Threats to Spiritual Health

Monotony, loneliness, fear, and doubt. Four horsemen with considerable power to damage one's spiritual health. They damage joy, corrode trust, and render faith a weak and pitiable thing. They are the children of sloth and having too much time one one's hands. I know them all intimately, especially since September. Work, prayer, Scripture reading, worship, and fellowship are needed to repel these foul invaders. Work is never appreciated until you are forced to retire or are set aside by illness or unemployment. How I long to preach! How I long to do those things I used to grumble over just a few months ago. I would lead a consistory meeting with joy today. When Jesus was driven by the Spirit into the desert, those forty days must have seemed like a lifetime. At least I do not have to contend with hunger and thirst. Jesus coped, and emerged triumphant and ready for his ministry. May that be so of us, and may we contend with the spiritual forces of wickedness with the spiritual weapons fashioned for our weak and feeble hands. "For though we walk in the flesh, we do not war after the flesh: for the weapons of our warfare are not carnal, but mighty through God to the pulling down of strongholds" (2 Corinthians 10:3-4).

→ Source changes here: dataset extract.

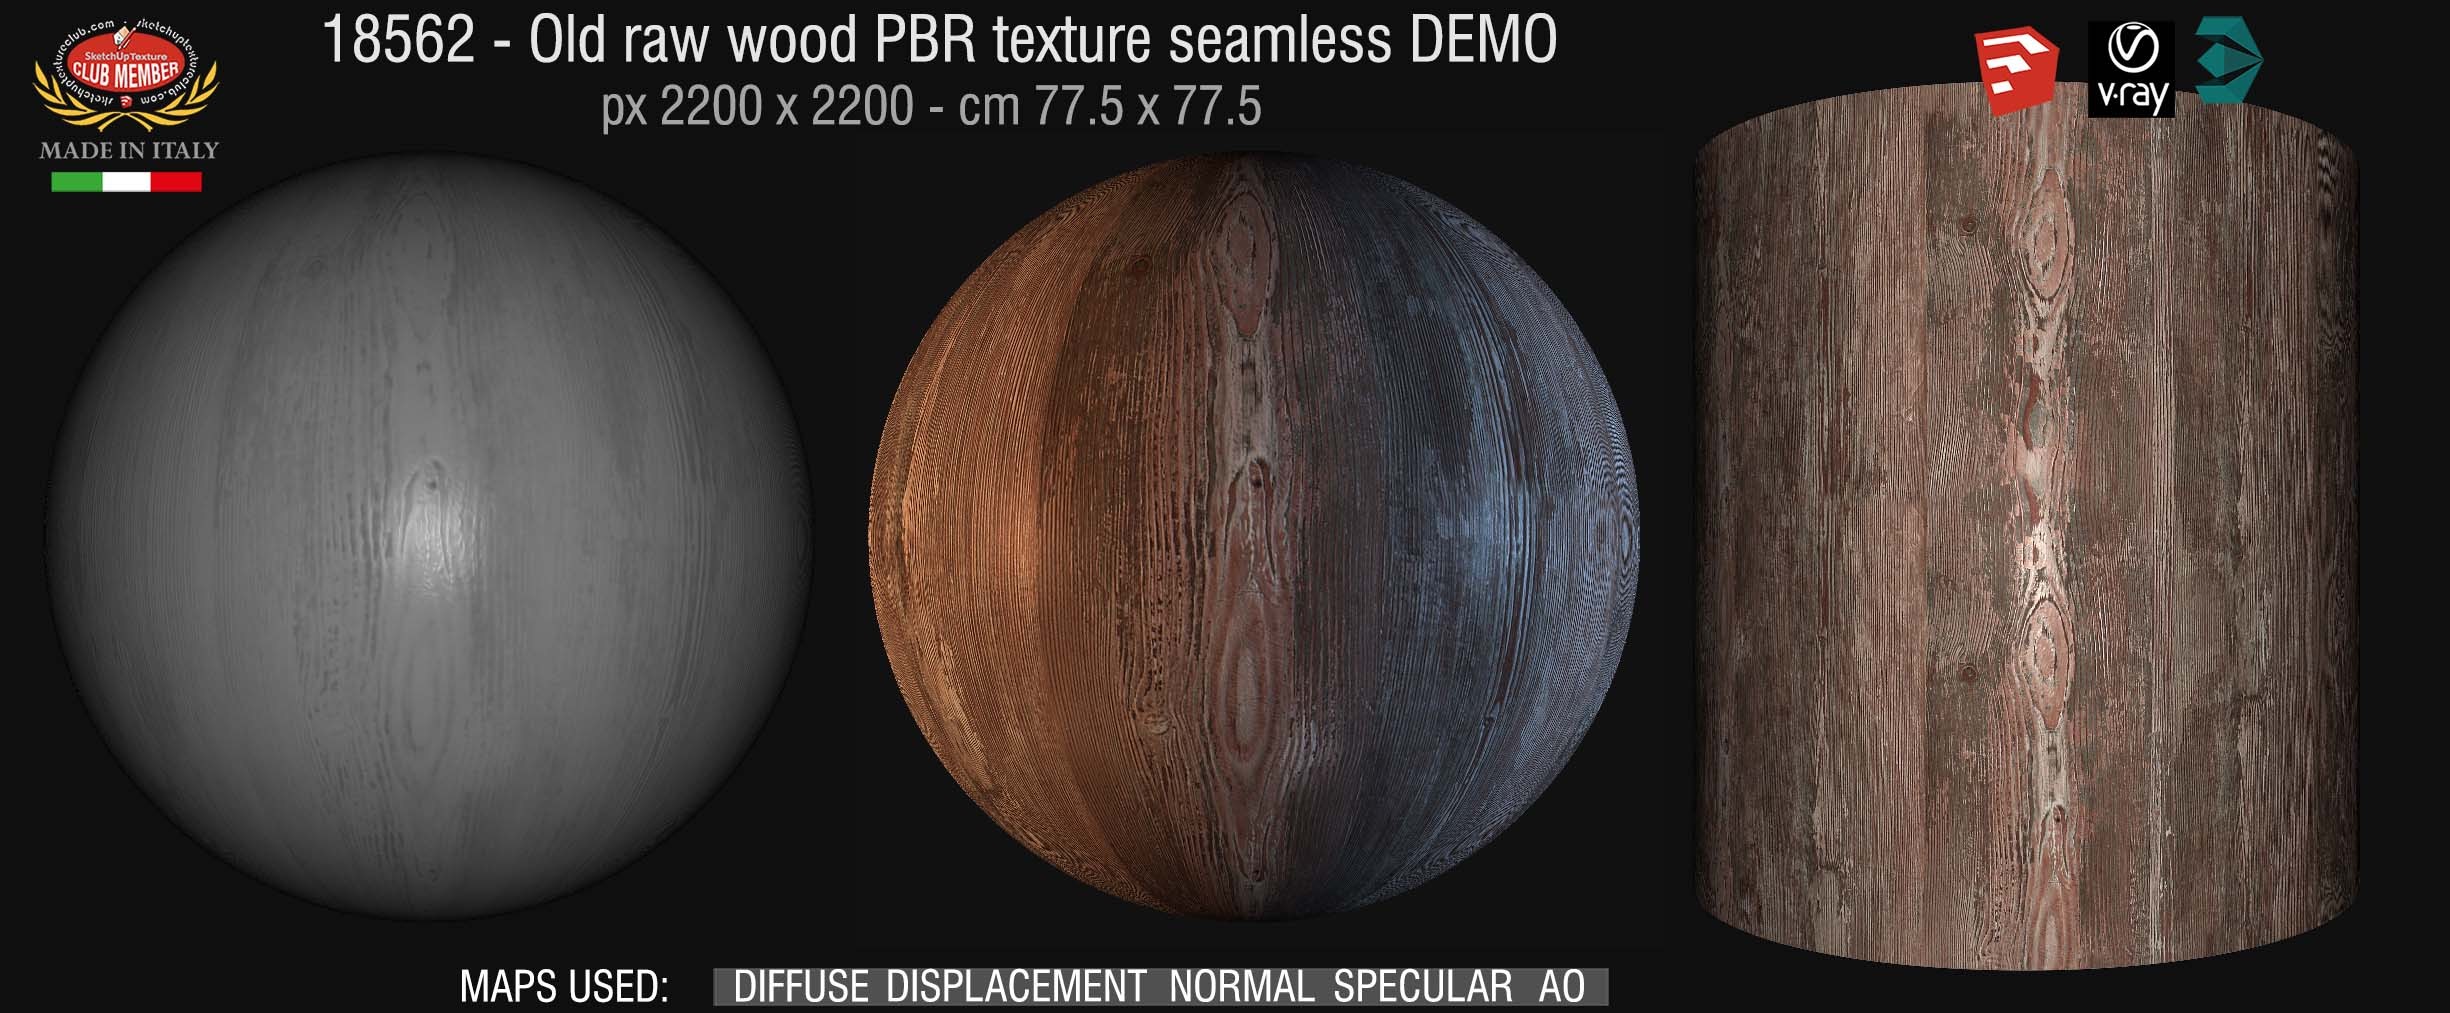 18562 Old raw wood texture seamless DEMO

"Redeem the time," is Paul's injunction (Eph 5:16). Remain busy, prayerful, biblical, and trust not in one's own faith, but in Christ alone. I read this morning about the thief on the cross (Luke 23:42-43). He called Jesus "Lord" (in the King James version), recognizing Jesus' divinity and power to save. If I trust in my own faith, my own strength, I am doomed. The four horsemen will trample over me. But if I look to Christ as Lord, then the promise is given to me as well: "you will be with me in paradise." After all, God is glorified in our weakness, and so Paul can say, "Most gladly therefore will I rather glory in my infirmities, that the power of Christ may rest upon me" (2 Corinthians 12:9).